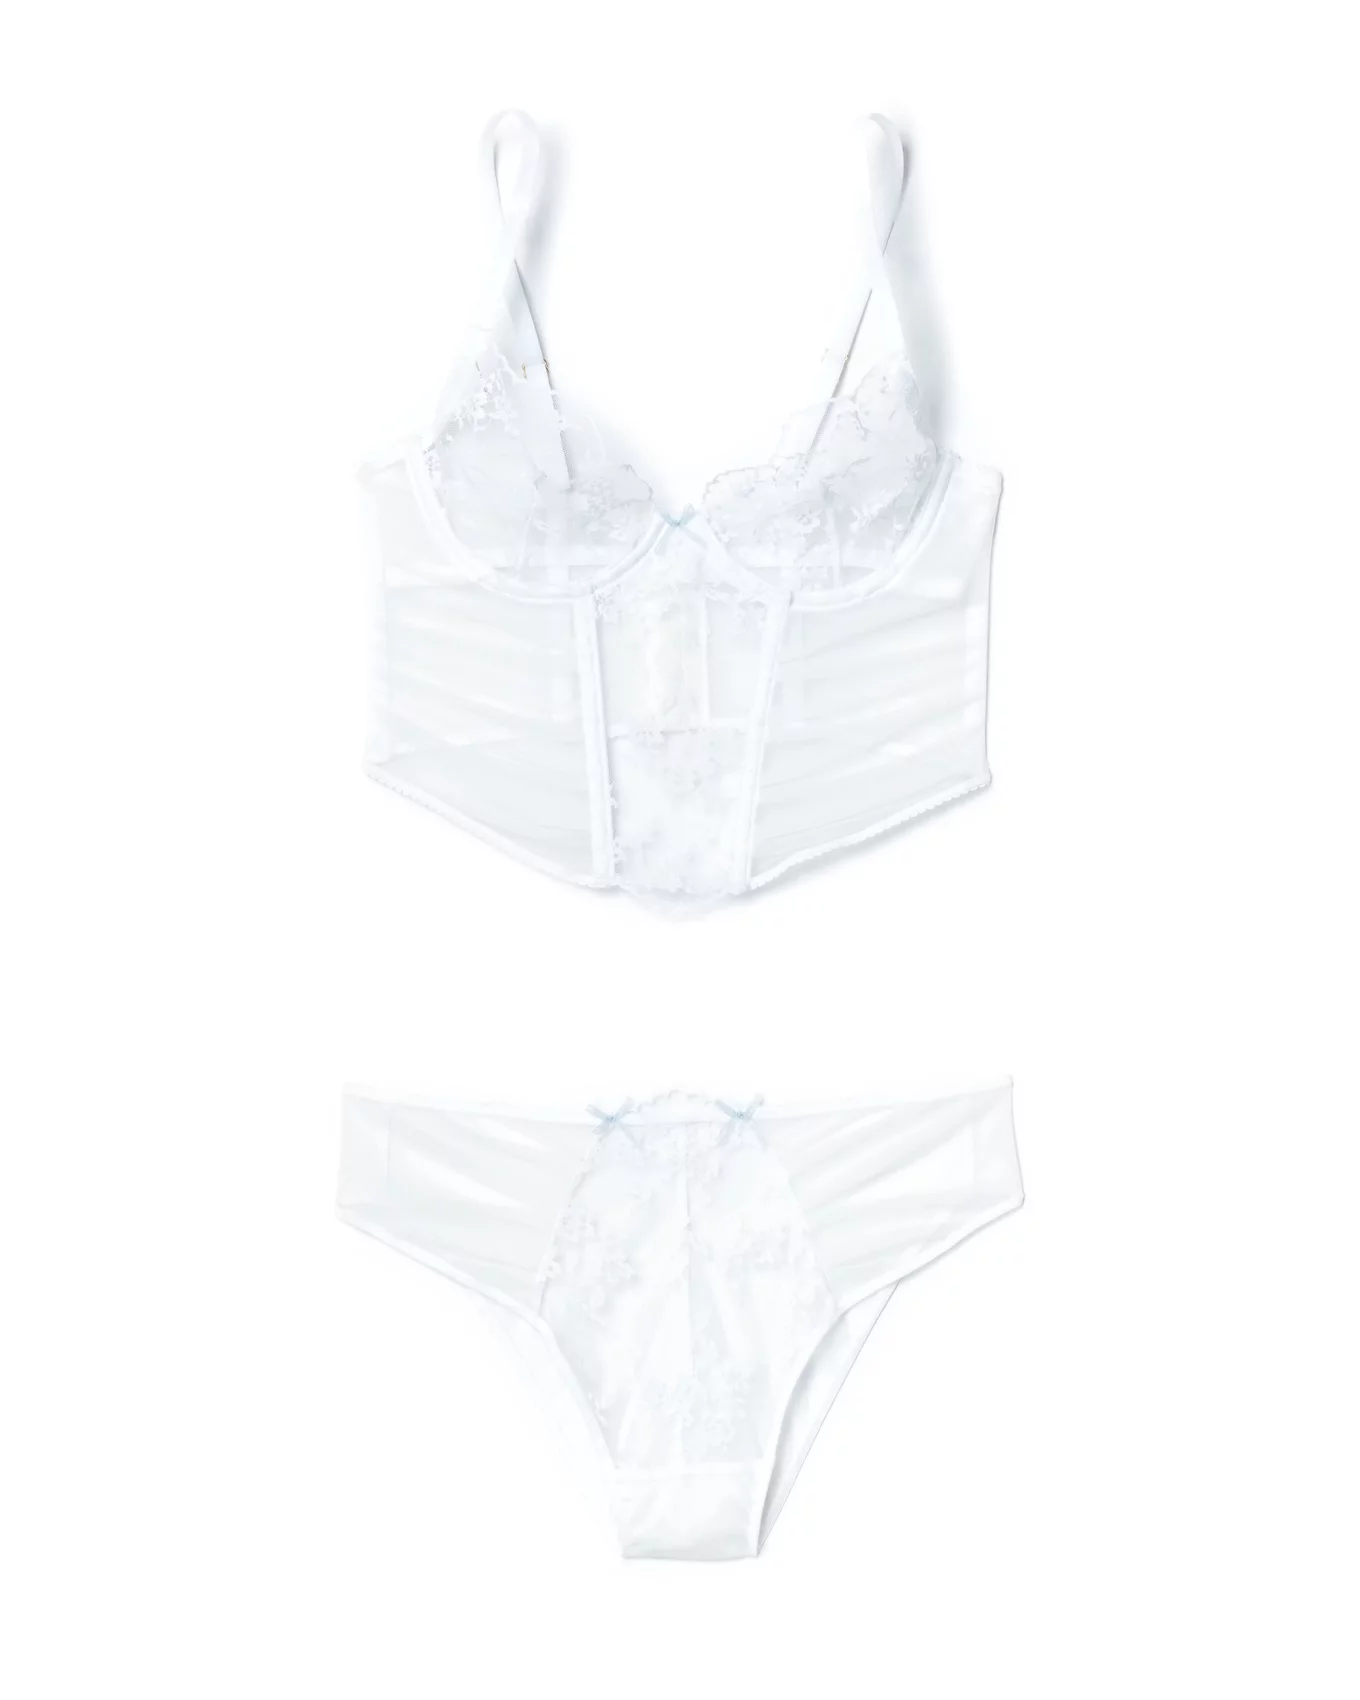 Lacey White Lingerie Set, Lace Corset Bra Panty and Garter Set
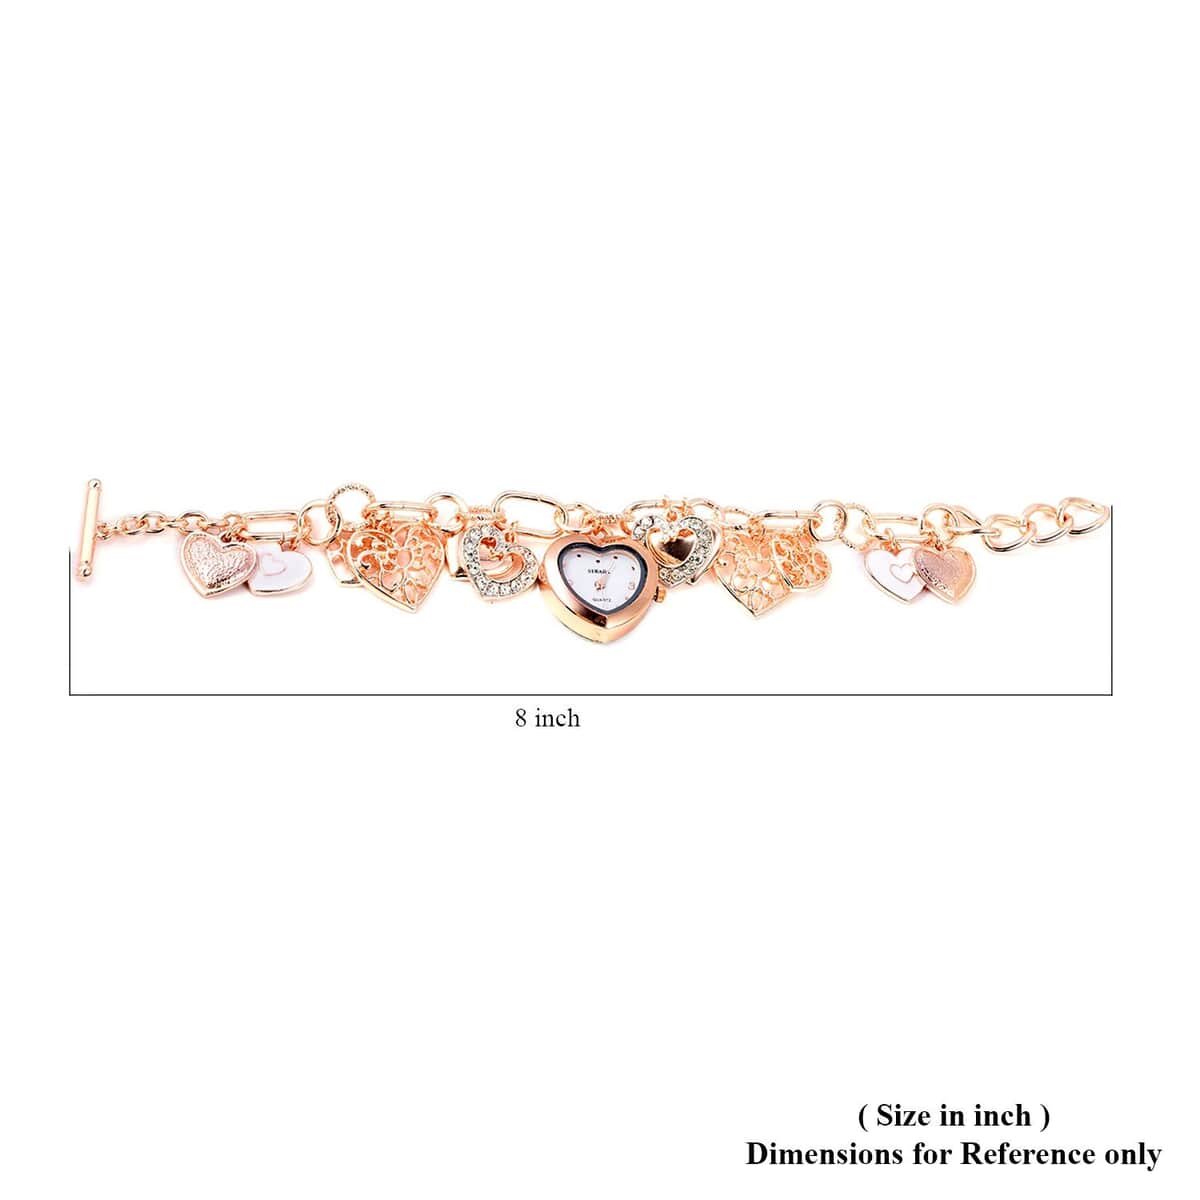 Strada White Austrian Crystal and Enameled Japanese Movement Charm Heart Bracelet Watch in Rosetone (7.5-9 in) image number 4
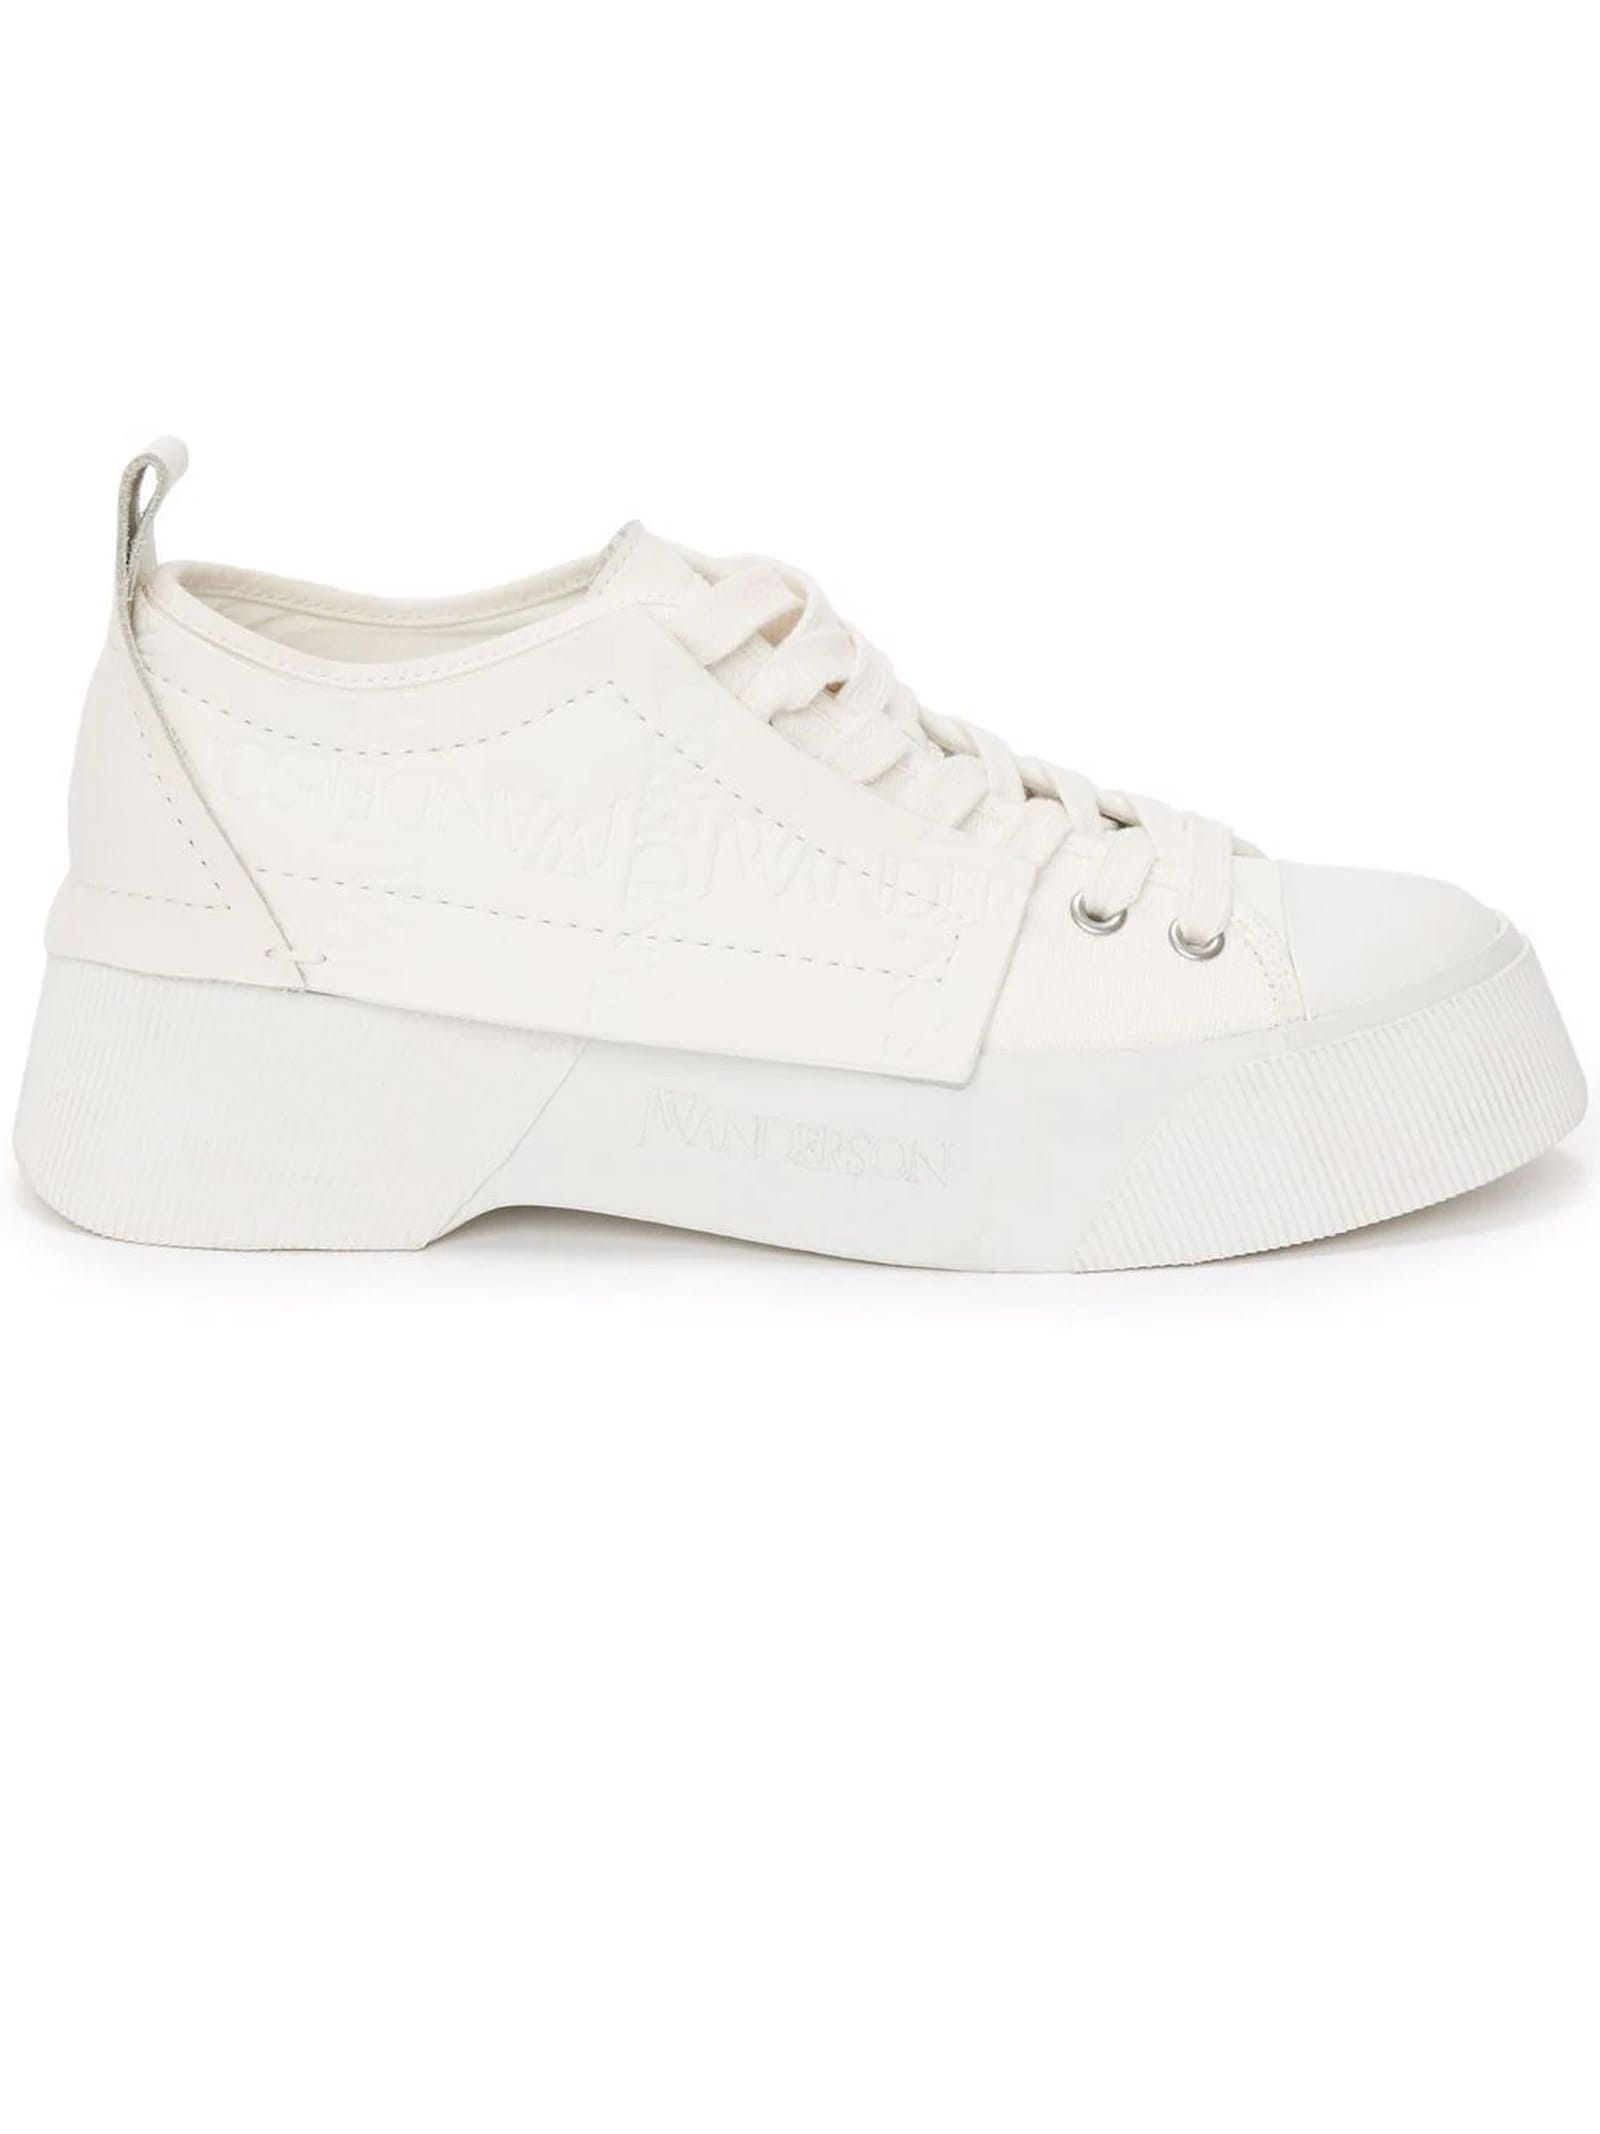 J.W. Anderson Low Top Sneakers In White Leather And Canvas

● ASSIGNMENT
Reproduce the data above word for word, but leave the images out.

● WRITTEN RESPONSE
 Lacey White Lingerie Set, Lace Corset Bra Panty and Garter Set
 Strada White Austrian Crystal and Enameled Japanese Movement Charm Heart Bracelet Watch in Rosetone (7.5-9 in) image number 4
 J.W. Anderson Low Top Sneakers In White Leather And Canvas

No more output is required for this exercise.